Ok, it's been a little since last post but just a moment ago I tried to use duplicate files finder and didn't get what I wanted, so I have a real-life example so you can help me find a way of doing what I want.

Look at the screenshot. This is what I get after clicking "find". Of course these results are pretty useless as DO selected a bunch of files that are obviously not identical (I also tried to compare files by name and size instead of md5).


If you turn on the MD5 Checksum column, do those files show checksums?

If you push Find again, do you get identical results?

Files larger than 5 MB have "file too large" in md5 column.
I changed comparison method to filename and size but I still get the same result.
I get the same result each time I click "find" button.

FWIW, you can force calculation by selecting them and running GetSizes MD5 or by increasing the size limit in Prefs/Misc/Advanced... But if you're seeing the same thing with just filename+size then the MD5 stuff can't be relevant, so don't worry about that anymore.

[quote]I changed comparison method to filename and size but I still get the same result.
I get the same result each time I click "find" button.[/quote]
Try going up a level from the Duplicate Files results, so you're in coll:// itself, and delete the Duplicate Files collection.

To be sure, fully exit Opus, then open it again and go back to coll:// and verify that the Duplicate Files collection has not come back.

Assuming the collection did not come back by itself, run the duplicate search again (Filename+Size only). Do you get the same results again?

I deleted collection, exit Opus completely (confirmed by clicking "exit" when asked if I really wanted to exit DO), collection wasn't there when opened DO again. I run duplicate finder comparing filename and size and still the same result.

I might need to send you a debug version that outputs some extra information about why those items are being grouped together.

Are you using 32-bit or 64-bit Windows/Opus? (If you want, you can add the info so it appears on the right of each post, by clicking User Control Panel at the top of the page, then the Profile tab. There are drop-downs near the bottom.)

Windows 7 64-bit.
Also, I added info to my profile for future reference.

I might try debug version you mentioned. Is this portable or installable version? Does it make any difference if I install it on virtual machine (it's also Win7 x64)?

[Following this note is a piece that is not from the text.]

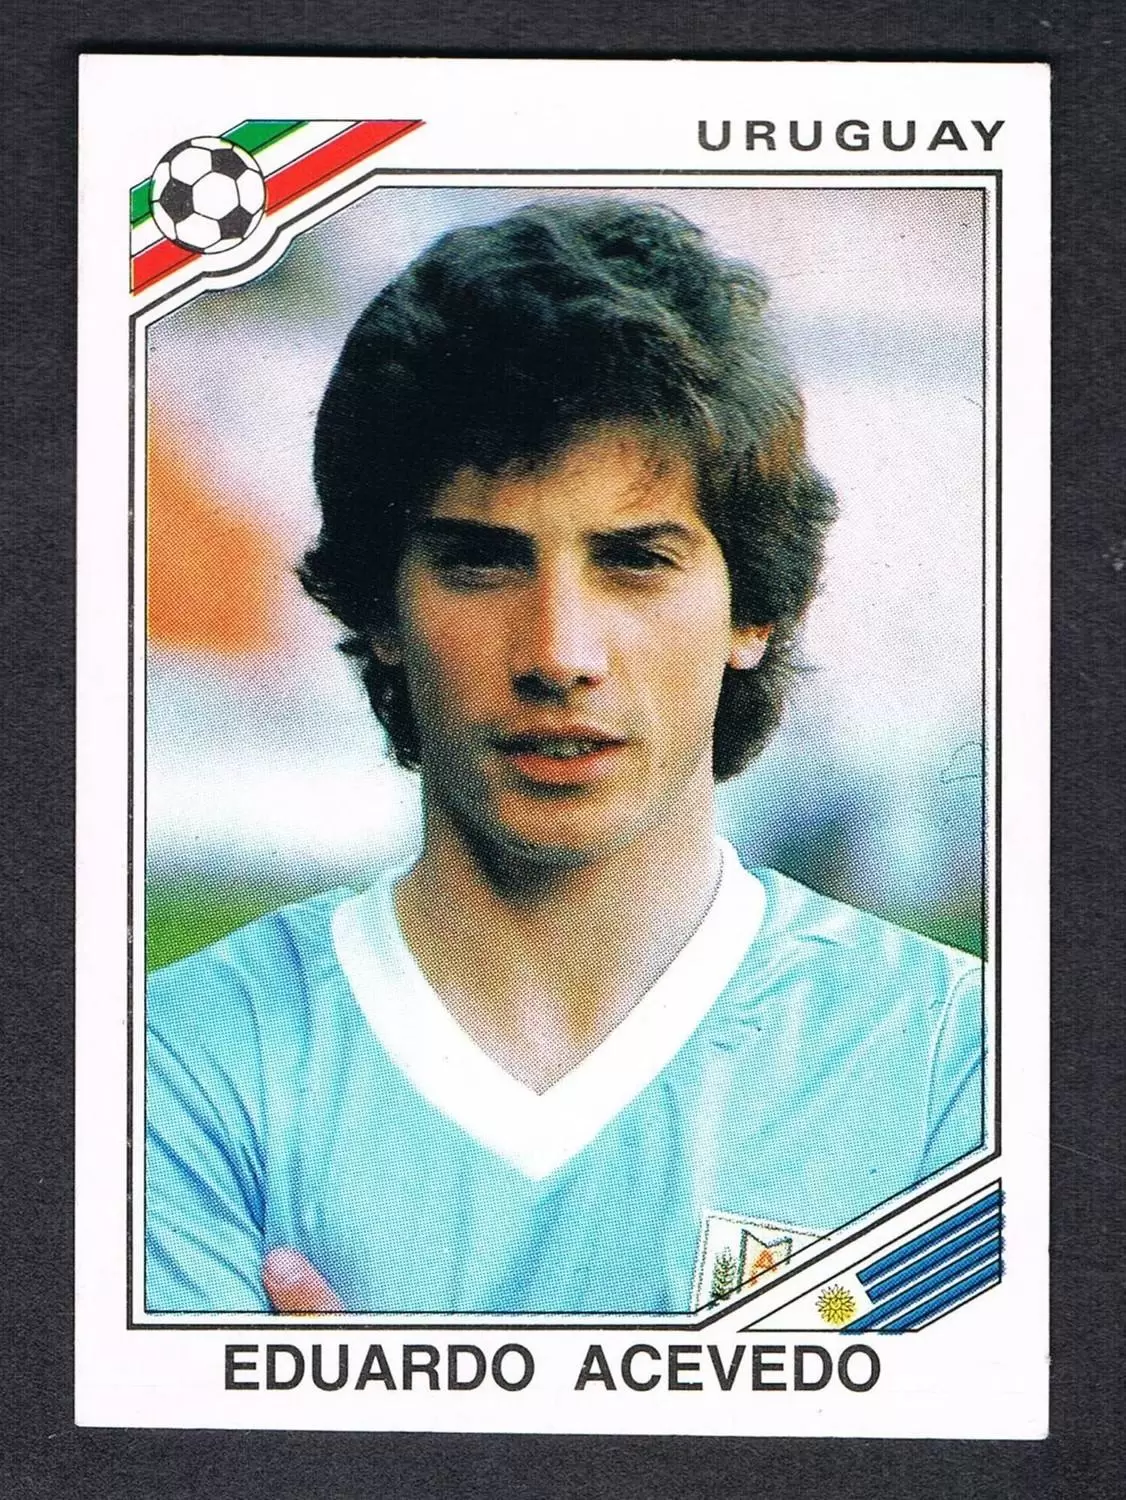 Mexico 86 World Cup - Eduardo Acevedo - Uruguay
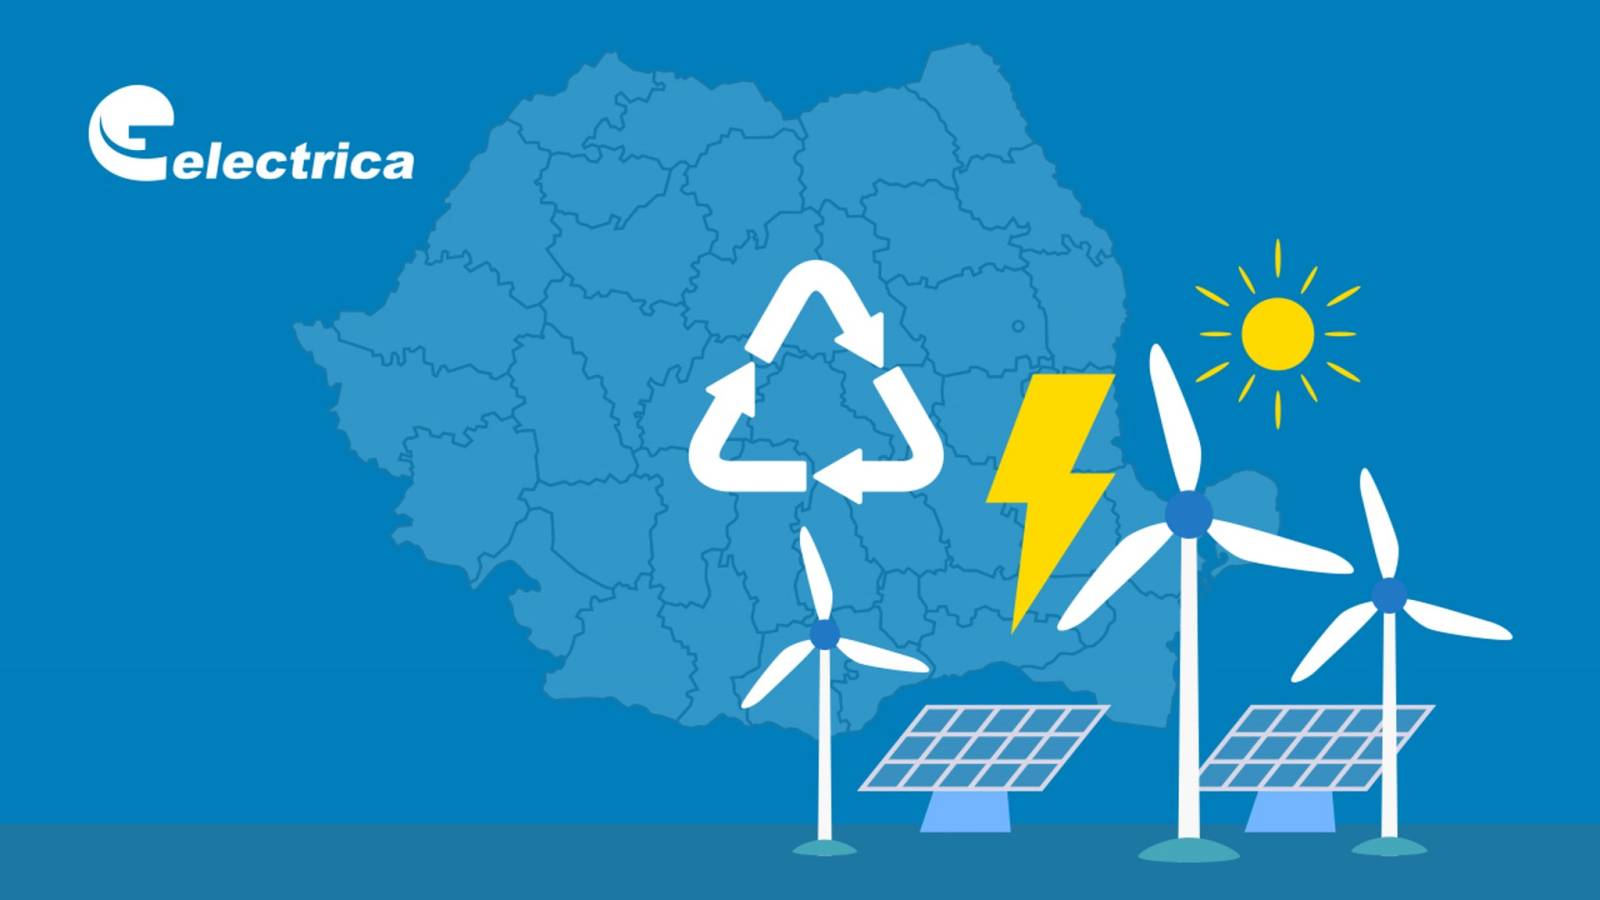 Messaggio ufficiale di Electrica LAST TIME Grande importanza per i clienti rumeni

I find this a bit worrying considering I have had a big clearout of images recently. I didn't notice this issue but then I didn't check every file relying largely on MD5. I hope this is just an MPEG issue. Have you tried running a duplicate file finder on images?
Ian

Just a quick test for you (duplicates were made for purpose of testing). Filename+size vs md5 comparison.
Please not that all files except the first one are selected so I guess you would notice.